The financial regulations require hedge funds and wealthy investors that exceeded the $100 million equity holdings threshold to file a report that shows their positions at the end of every quarter. Even though it isn’t the intention, these filings to a certain extent level the playing field for ordinary investors. The latest round of 13F filings disclosed the funds’ positions on September 30th. We at Insider Monkey have made an extensive database of nearly 750 of those established hedge funds and famous value investors’ filings. In this article, we analyze how these elite funds and prominent investors traded Stanley Black & Decker, Inc. (NYSE:SWK) based on those filings.

Is Stanley Black & Decker, Inc. (NYSE:SWK) a worthy investment today? The smart money is in a bearish mood. The number of long hedge fund bets dropped by 1 recently. Our calculations also showed that SWK isn’t among the 30 most popular stocks among hedge funds (click for Q3 rankings and see the video below for Q2 rankings).

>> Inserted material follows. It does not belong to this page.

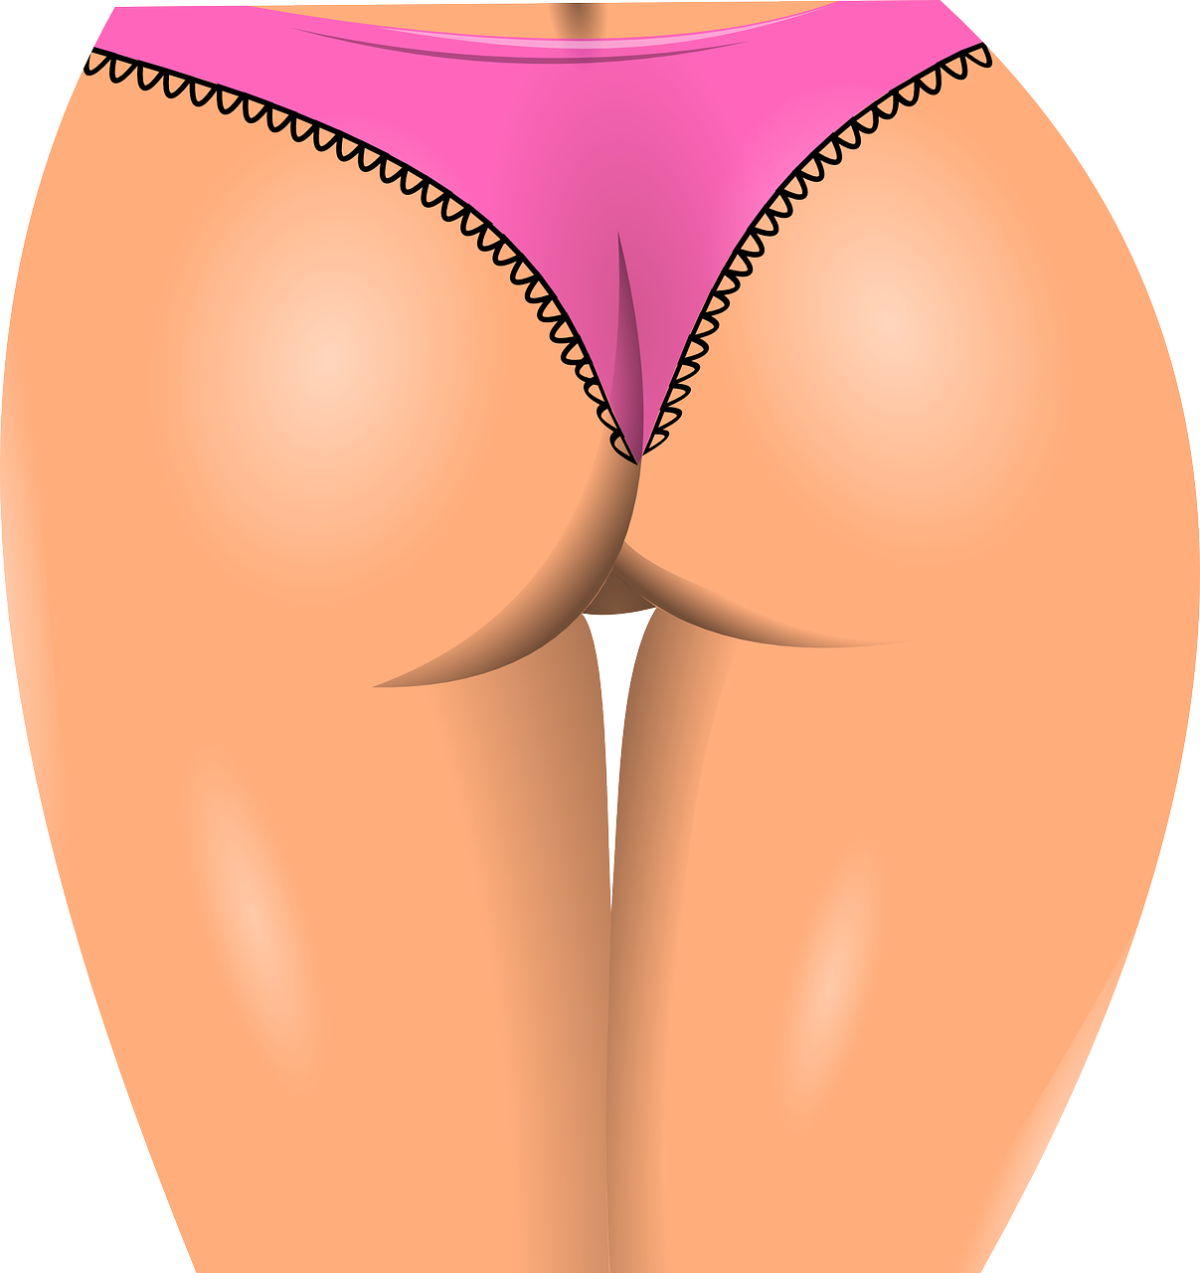 Brak tolerancji wyglądu warg sromowych są motywami konsultacji kobiet z ginekologiem lub chirurgiem plastycznym.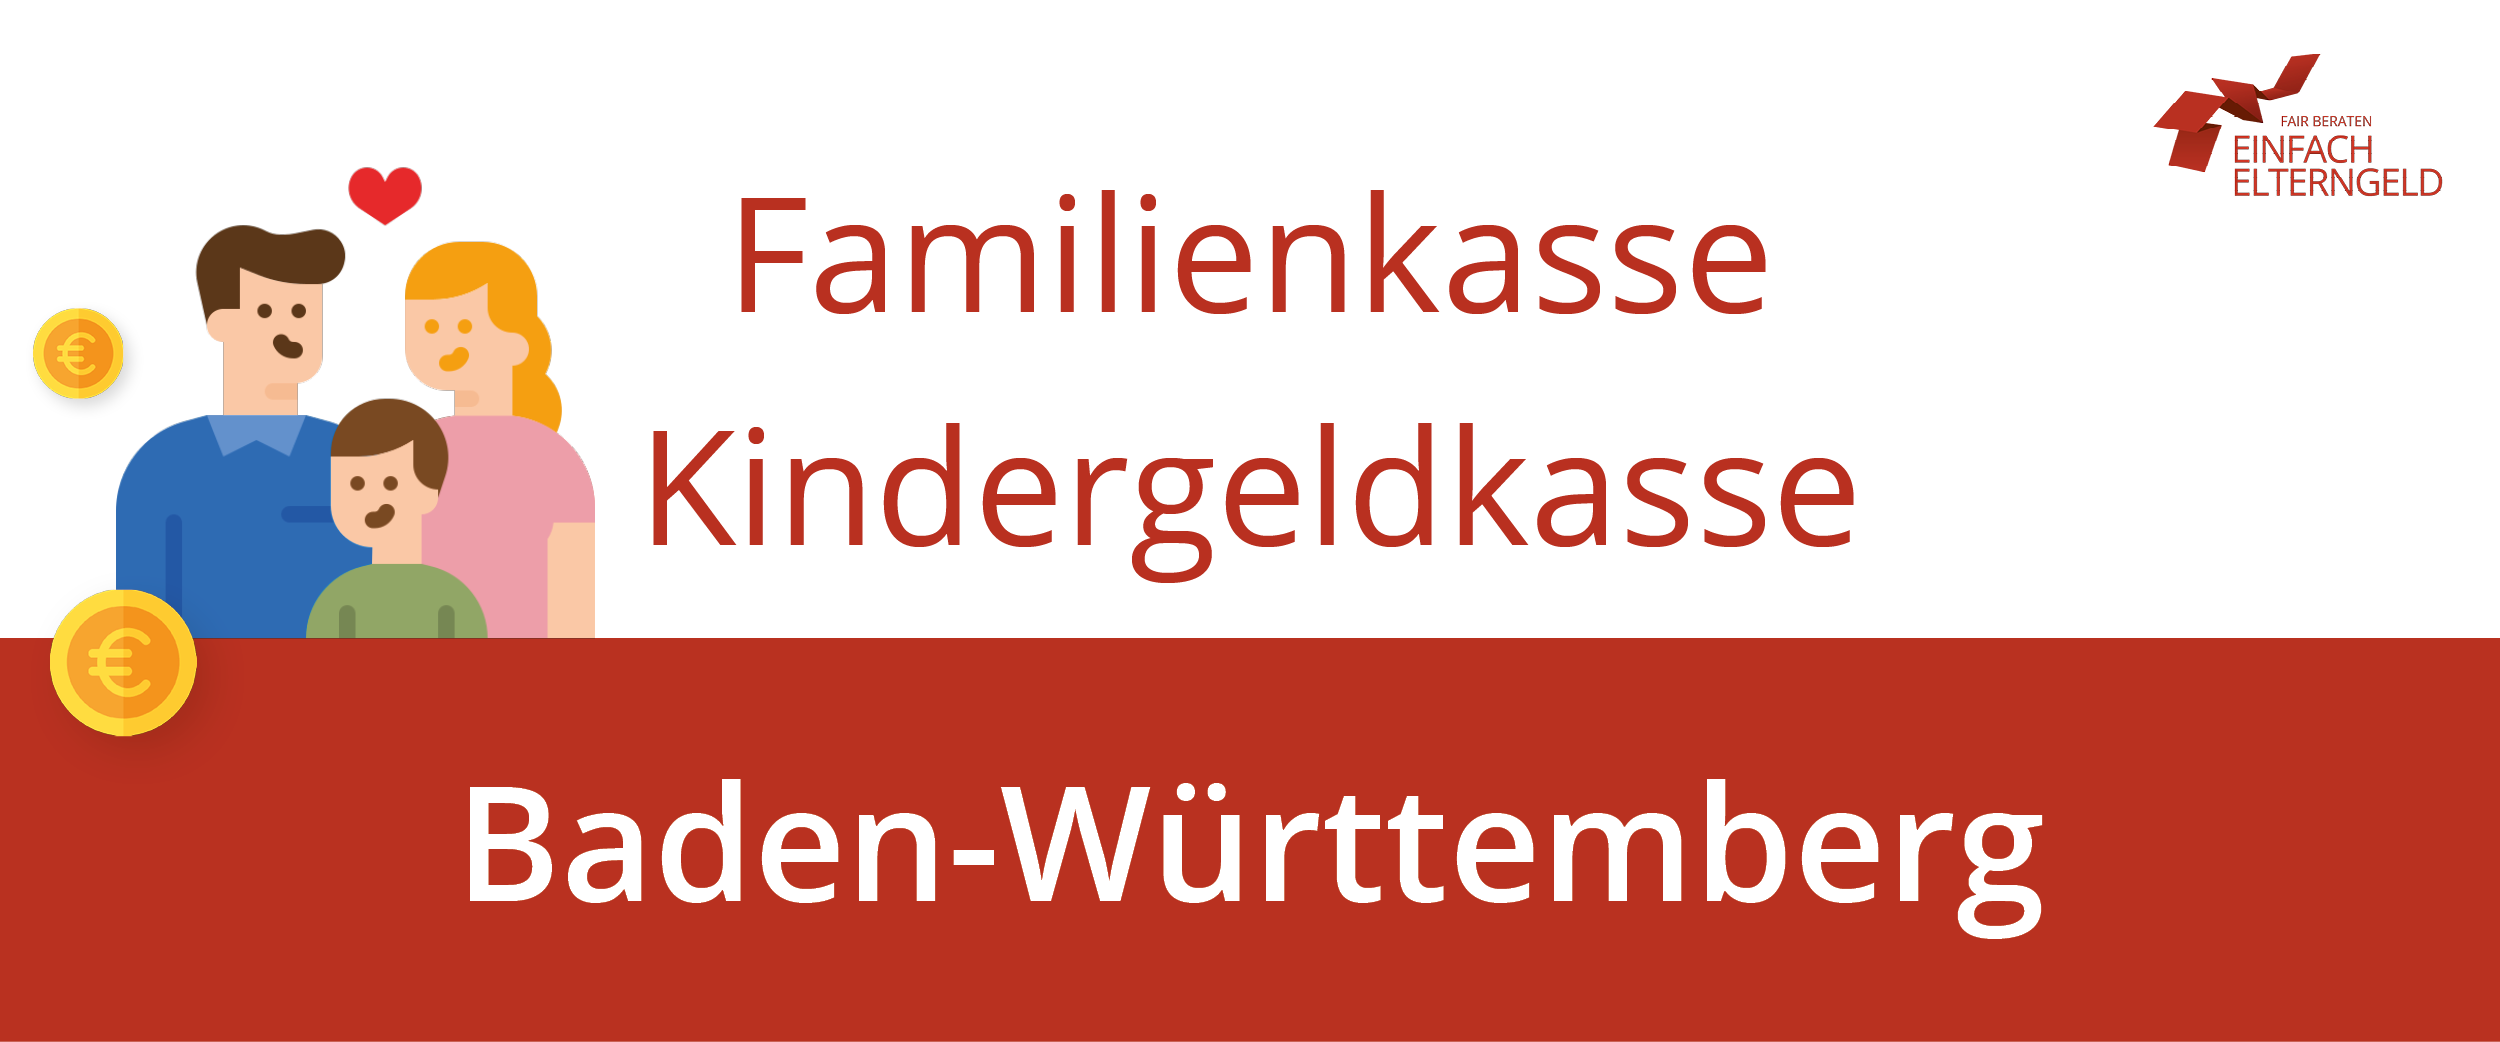 Familienkasse Kindergeldkasse Baden-Württemberg - Wir stellen Ihnen alle Standorte in Baden-Württemberg vor.

SWK was in 26 hedge funds’ portfolios at the end of the third quarter of 2019. There were 27 hedge funds in our database with SWK holdings at the end of the previous quarter.
5 Most Popular Stocks Among Hedge Funds
Video: Click the image to watch our video about the top 5 most popular hedge fund stocks.

According to most market participants, hedge funds are seen as underperforming, outdated investment tools of years past. While there are more than 8000 funds with their doors open at present, Our experts hone in on the bigwigs of this club, approximately 750 funds. These hedge fund managers command bulk of all hedge funds’ total capital, and by keeping track of their inimitable picks, Insider Monkey has identified a few investment strategies that have historically exceeded the market. Insider Monkey’s flagship short hedge fund strategy beat the S&P 500 short ETFs by around 20 percentage points per annum since its inception in May 2014. Our portfolio of short stocks lost 27.8% since February 2017 (through November 21st) even though the market was up more than 39% during the same period. We just shared a list of 7 short targets in our latest quarterly update .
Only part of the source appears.